"""

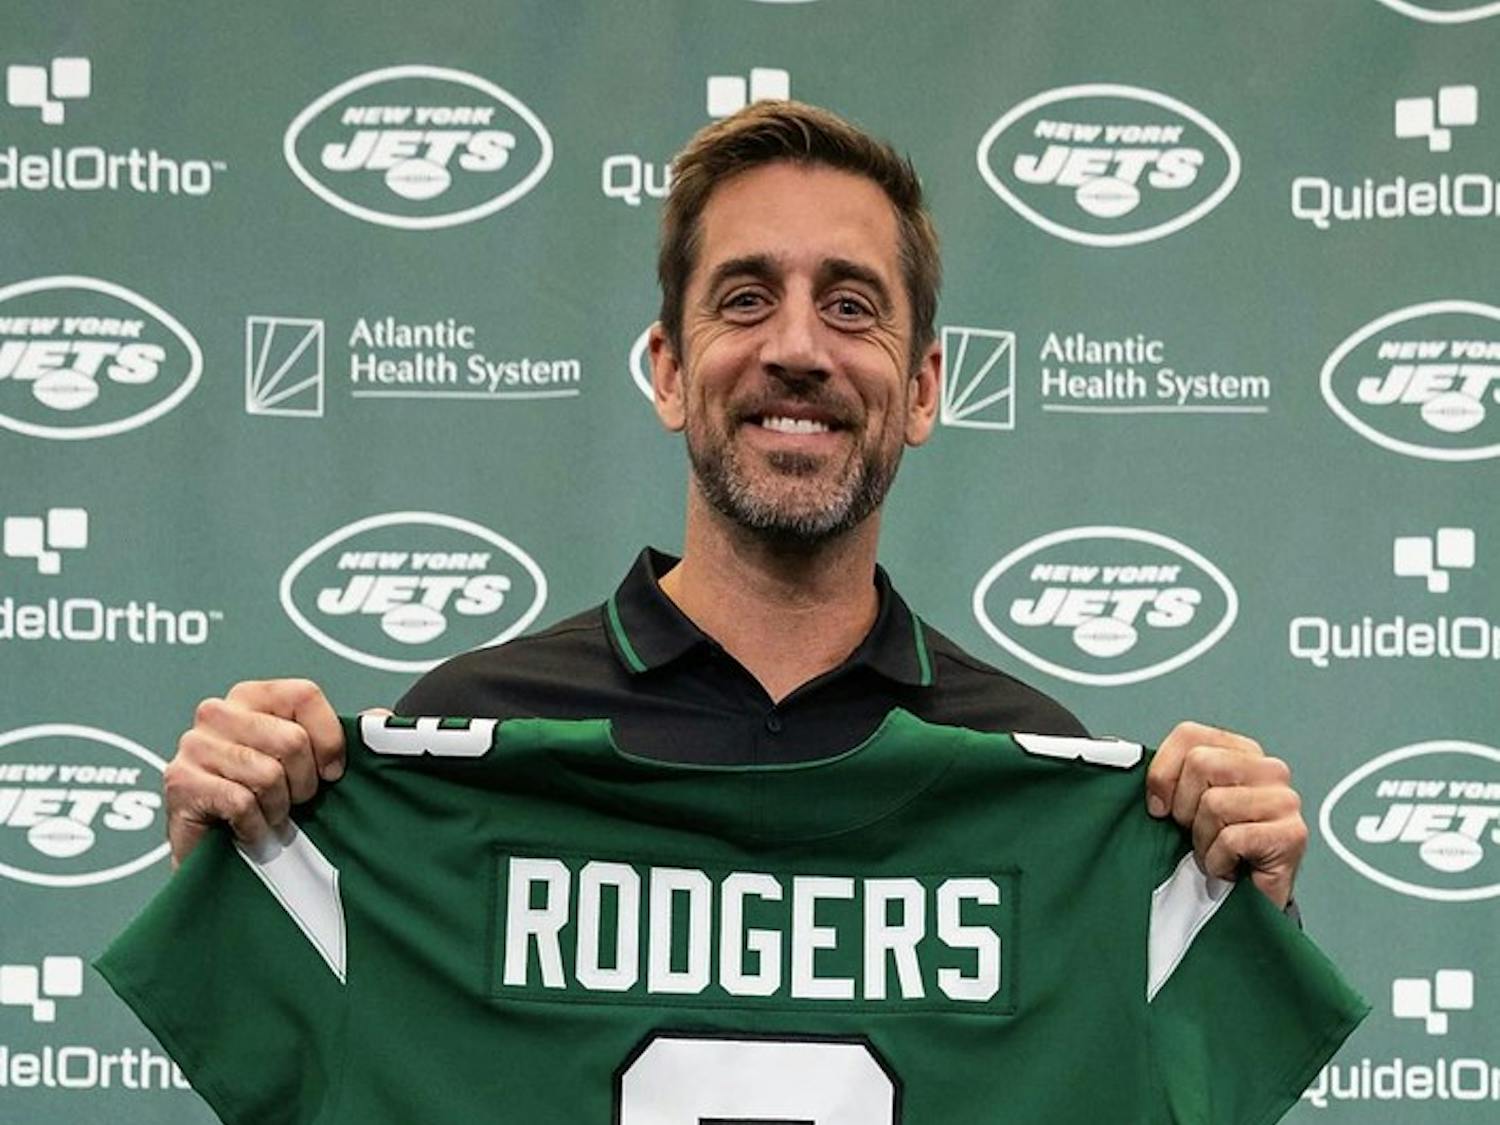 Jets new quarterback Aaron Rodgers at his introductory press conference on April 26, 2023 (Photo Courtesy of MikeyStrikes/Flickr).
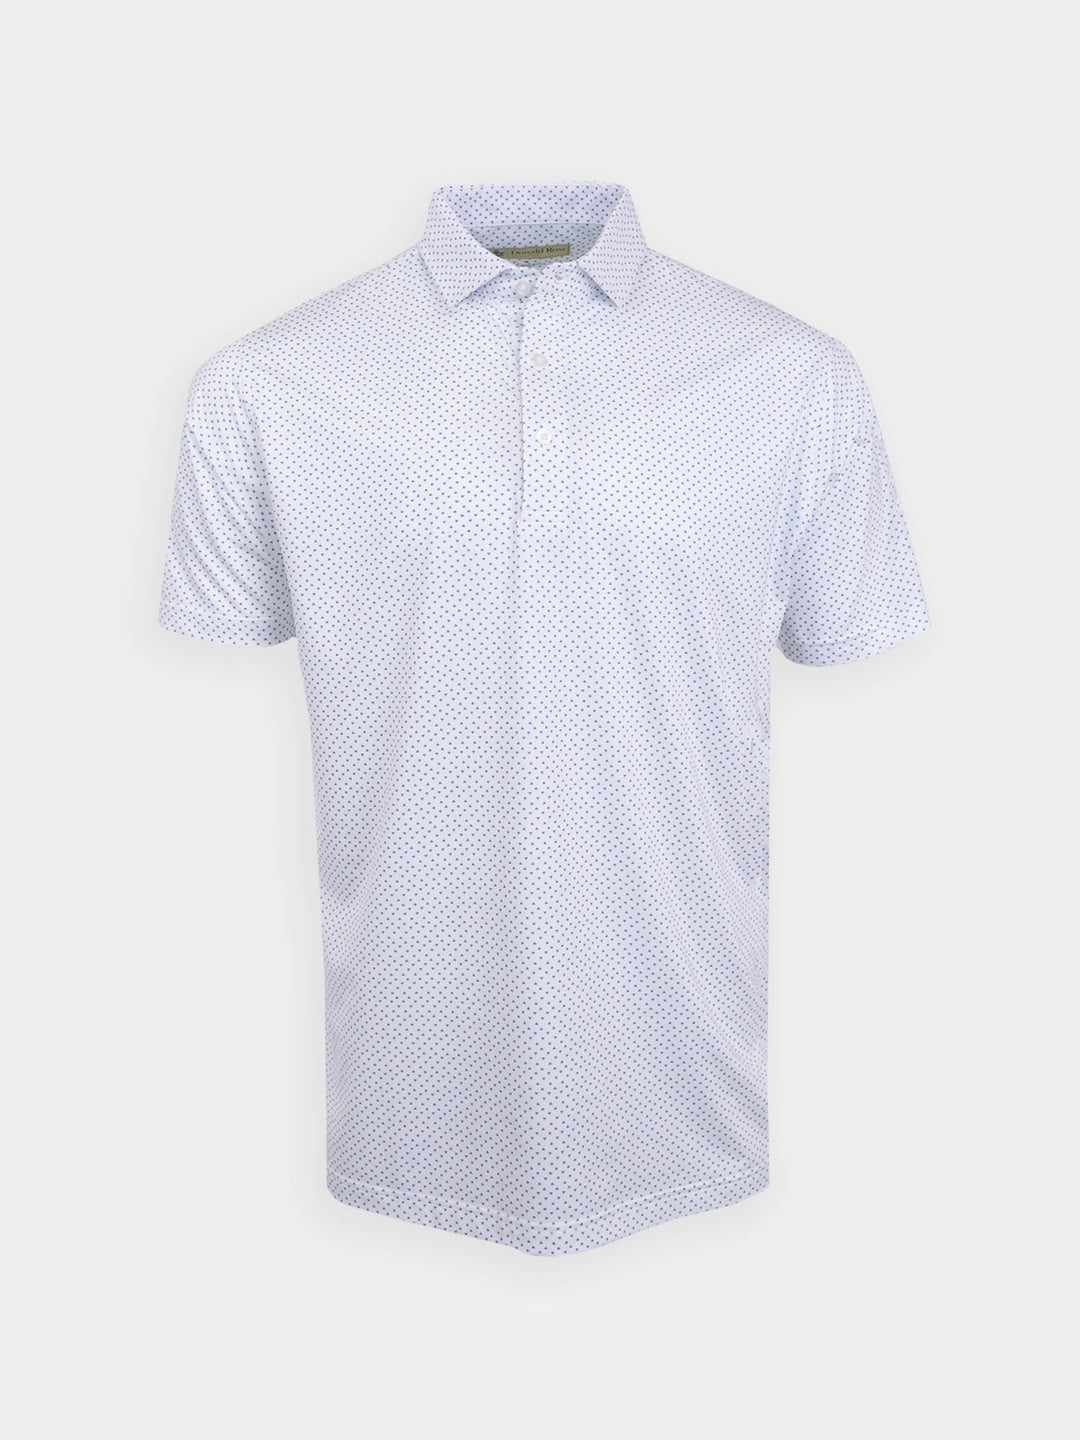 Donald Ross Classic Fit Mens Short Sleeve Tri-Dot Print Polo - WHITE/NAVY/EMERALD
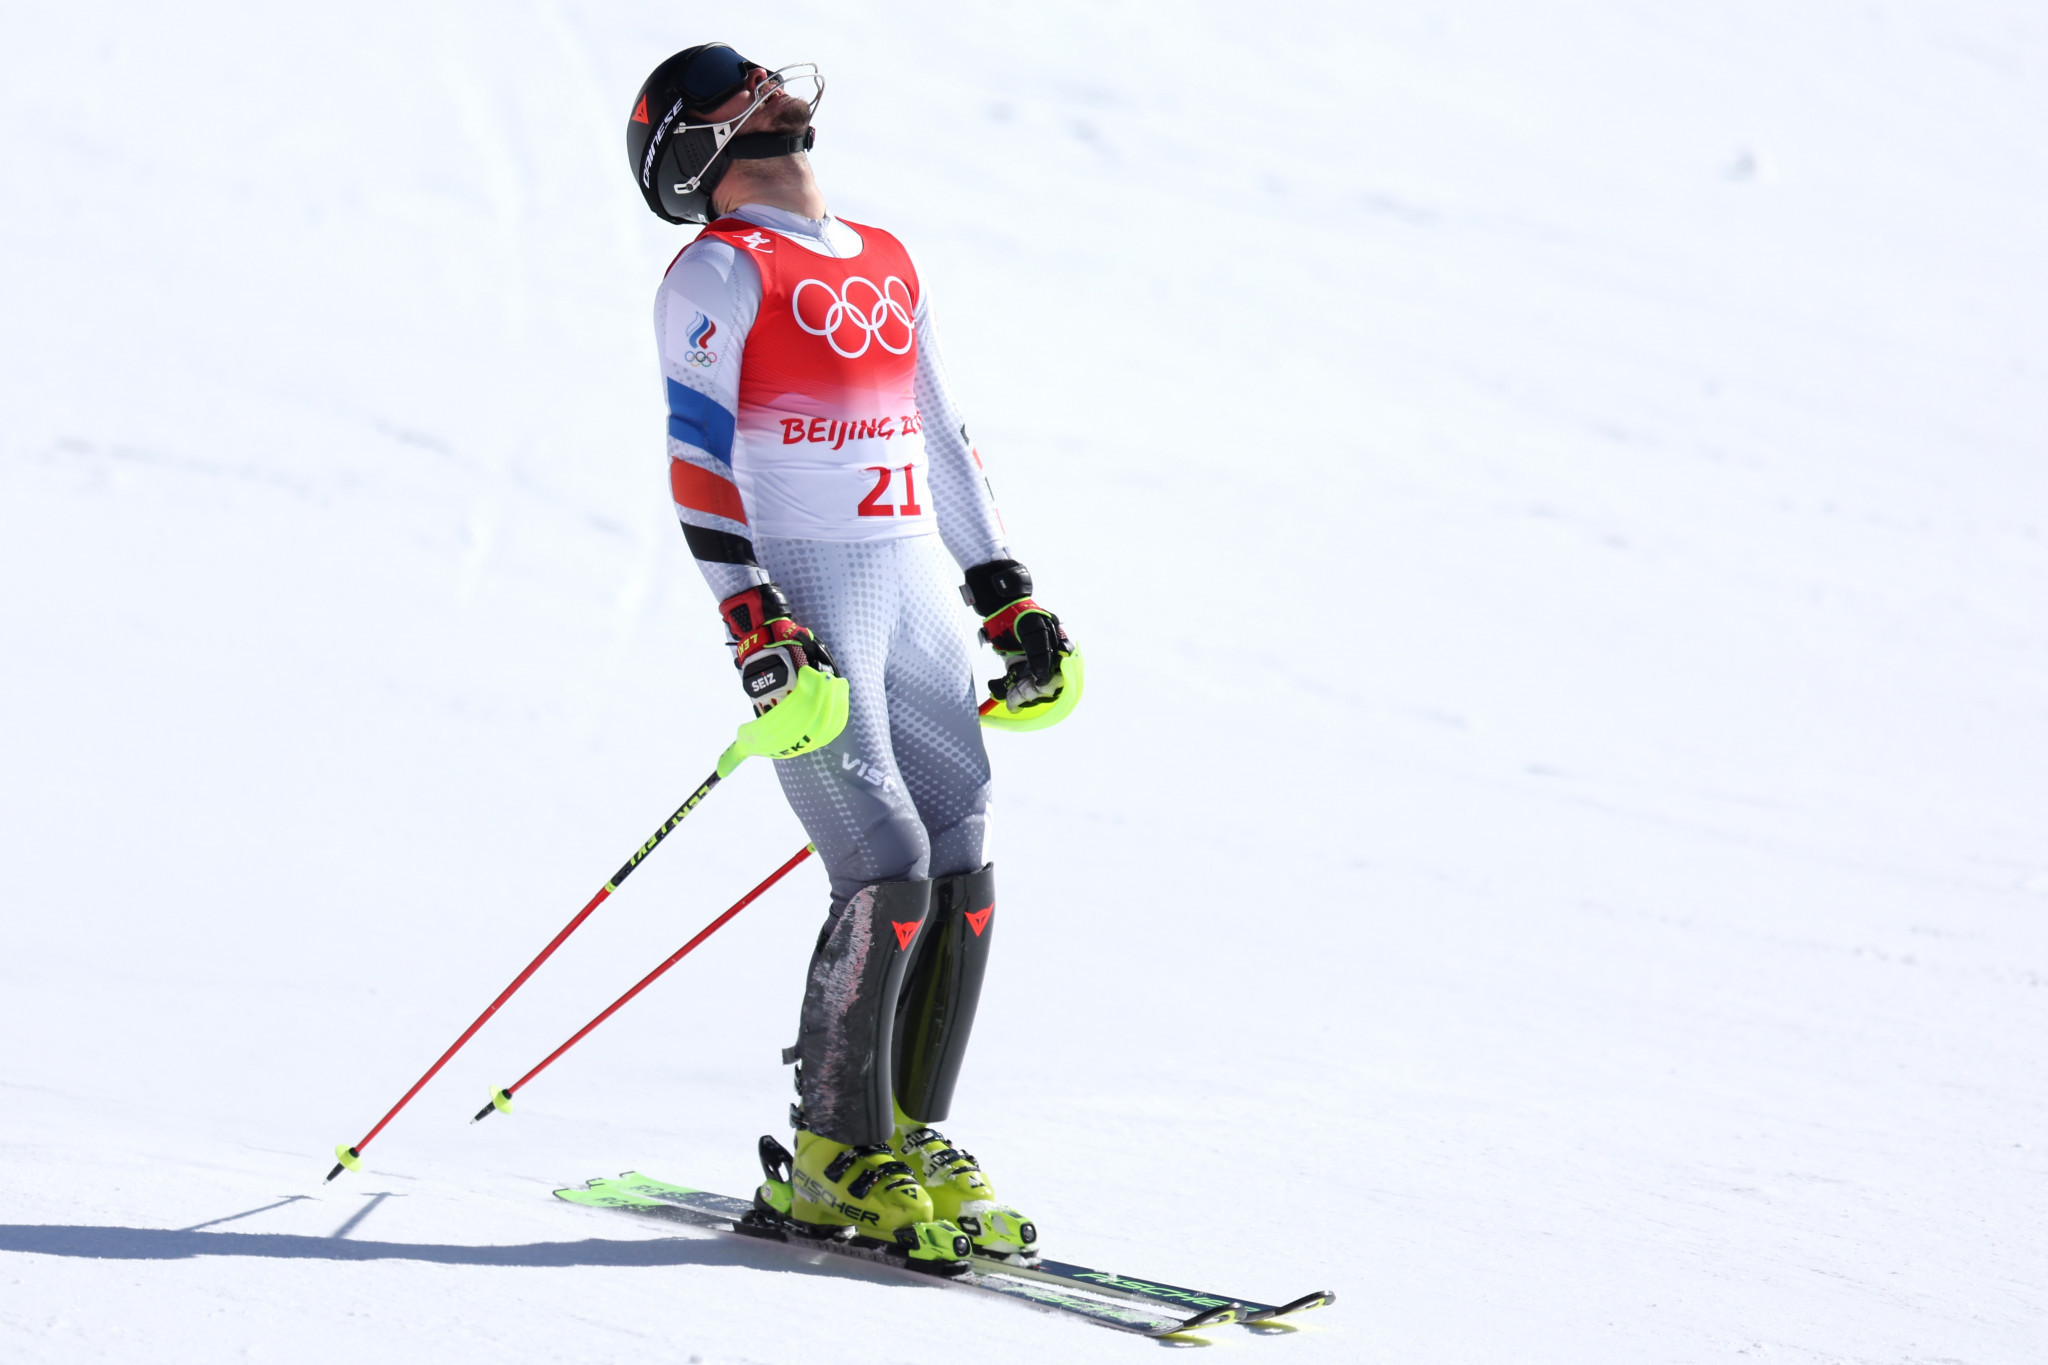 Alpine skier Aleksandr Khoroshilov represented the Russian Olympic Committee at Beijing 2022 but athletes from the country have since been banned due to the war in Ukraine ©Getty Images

"""

— Task details —
Copy every line above exactly, leaving no picture in the copy.

— Your solution —
 Jets new quarterback Aaron Rodgers at his introductory press conference on April 26, 2023 (Photo Courtesy of MikeyStrikes/Flickr).
 Donald Ross Classic Fit Mens Short Sleeve Tri-Dot Print Polo - WHITE/NAVY/EMERALD
 Alpine skier Aleksandr Khoroshilov represented the Russian Olympic Committee at Beijing 2022 but athletes from the country have since been banned due to the war in Ukraine ©Getty Images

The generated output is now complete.